Oiler Network
Down to earth about options


Traditionally options give you a right but not an obligation to buy (CALL) or sell (PUT) something (UNDERLYING) at a given price (STRIKE). We need a simple example. Let’s go bananas. You can buy bananas options that tell you that you can buy (CALL) bananas at $5 per bunch. $5 is the STRIKE price. Bananas are the UNDERLYING.Now, we use words PUT and CALL that are very specific to options because it would be a bit confusing to say ‘I buy an option to buy bananas’ or ‘I buy an option to sell bananas’. Instead, we say ‘I buy a CALL option on bananas’ and ‘I buy a PUT option on bananas’.So, you may own (HOLD) a PUT option at $5 STRIKE which means that if you have bananas then you can PUT them into the market at $5 a bunch even if the market at the given time buys bananas for $3 a bunch.If you HOLD a CALL option on bananas, then you can call the market and ask them to deliver bananas to you for $5 a bunch even if everyone else has to pay $7 a bunch.Now, after you buy an option then we say that you HOLD it. When you sell (or rather create) an option we say that you WRITE it.

What does it mean to write? (example)

Why do we say WRITE and HOLD? Think of it in the ancient terms. I guess there were no bananas where the options were initially traded and no options where bananas were initially traded but let us imagine some ancient times where an ancient trader was trading ancient bananas. Simply buying and selling bananas can be boring in the long term and also some people are not sure whether they will need more bananas in the winter, so our ancient trader decided to introduce a new instrument – bananas options. Buying CALL bananas options allowed ancient bananas lovers to ensure that they will be able to buy bananas at $5 per bunch in the winter in case they ran out of bananas of their own.
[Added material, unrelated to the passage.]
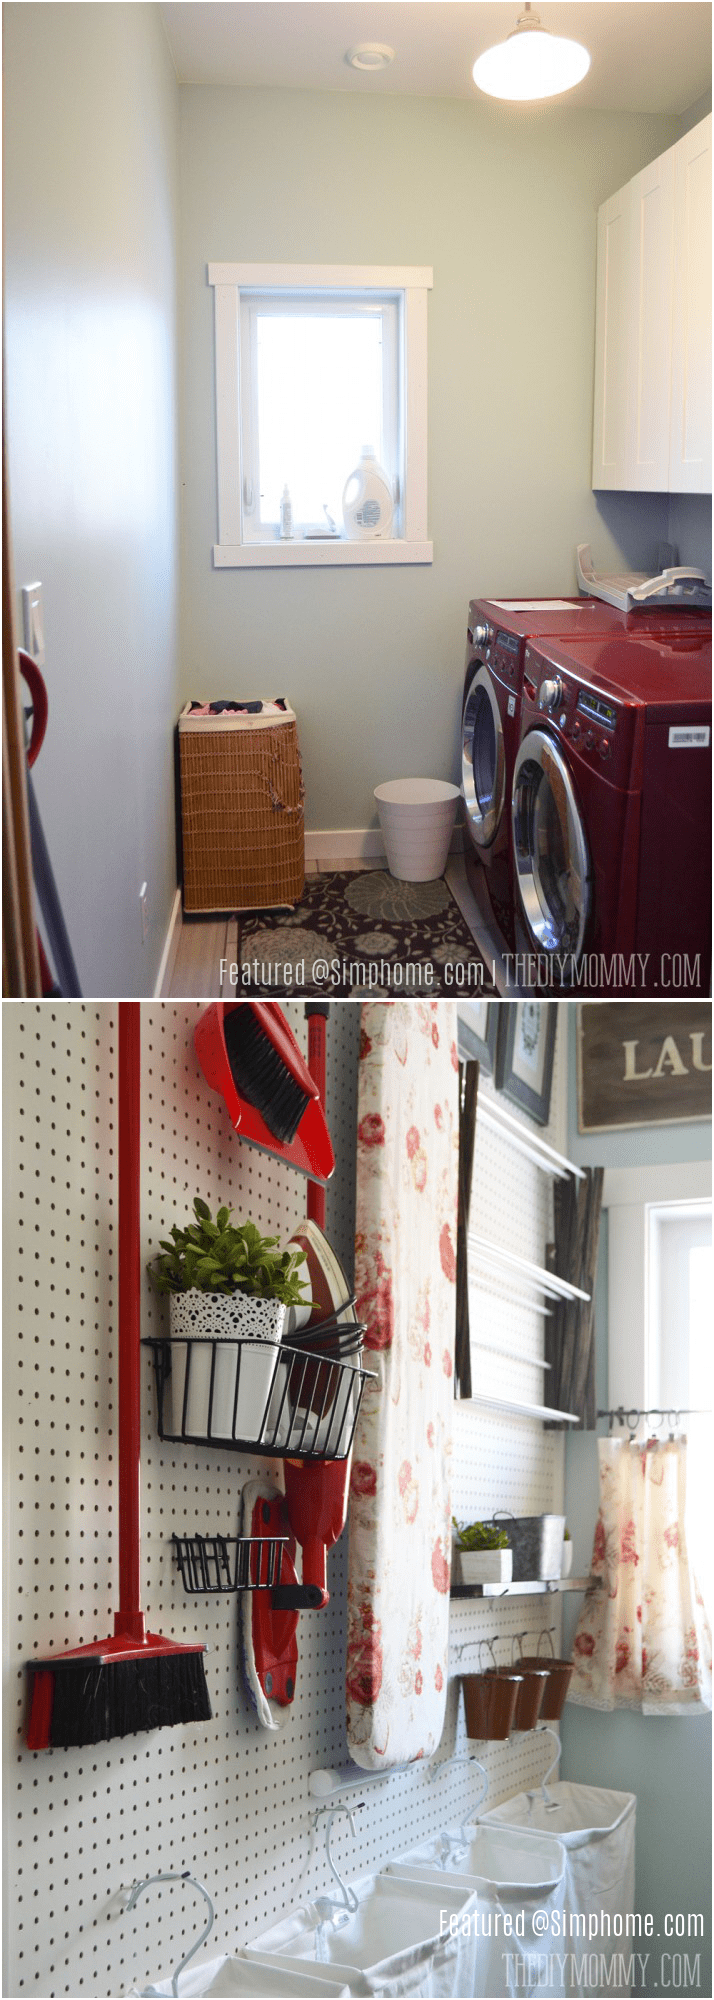 7.Simphome.com Bye Bye Messy Laundry Room

Very clever.Imagine how the deal was made. A banana lover would come to the banana trader and say – I need you to sell me an option to CALL bananas from the market at $5 a bunch any time by the end of this year. The banana trader would have to WRITE a document saying: ‘I promise you that if by the end of this year you CALL me to deliver bananas to you at $5 a bunch then I will do that’. Now, just after WRITING this document, the bananas trader HOLDS it in their hands. If they decide to sell it to the banana lover then the banana lover will receive the document and HOLD it in their hands. So, think of an option as a document, written contract, between the buyer (HOLDER) and the seller (WRITER). And to buy the contract you have to pay a price for it, called PREMIUM. So, the price of the option itself and the price of the bananas are two separate things. The price of the option contract can be derived from the historical prices of bananas. The option on bananas is a derivative of a simple trade of buying or selling bananas at the current price.Since the HOLDER has a right to CALL bananas from the WRITER, they can choose to EXERCISE that right (they do not have to, but they can).Interestingly, the banana lover can sell the option contract to another banana lover. At sale the contract changes hands and the new owner HOLDS the contract now. The price paid is not a price of bananas but the price of the option.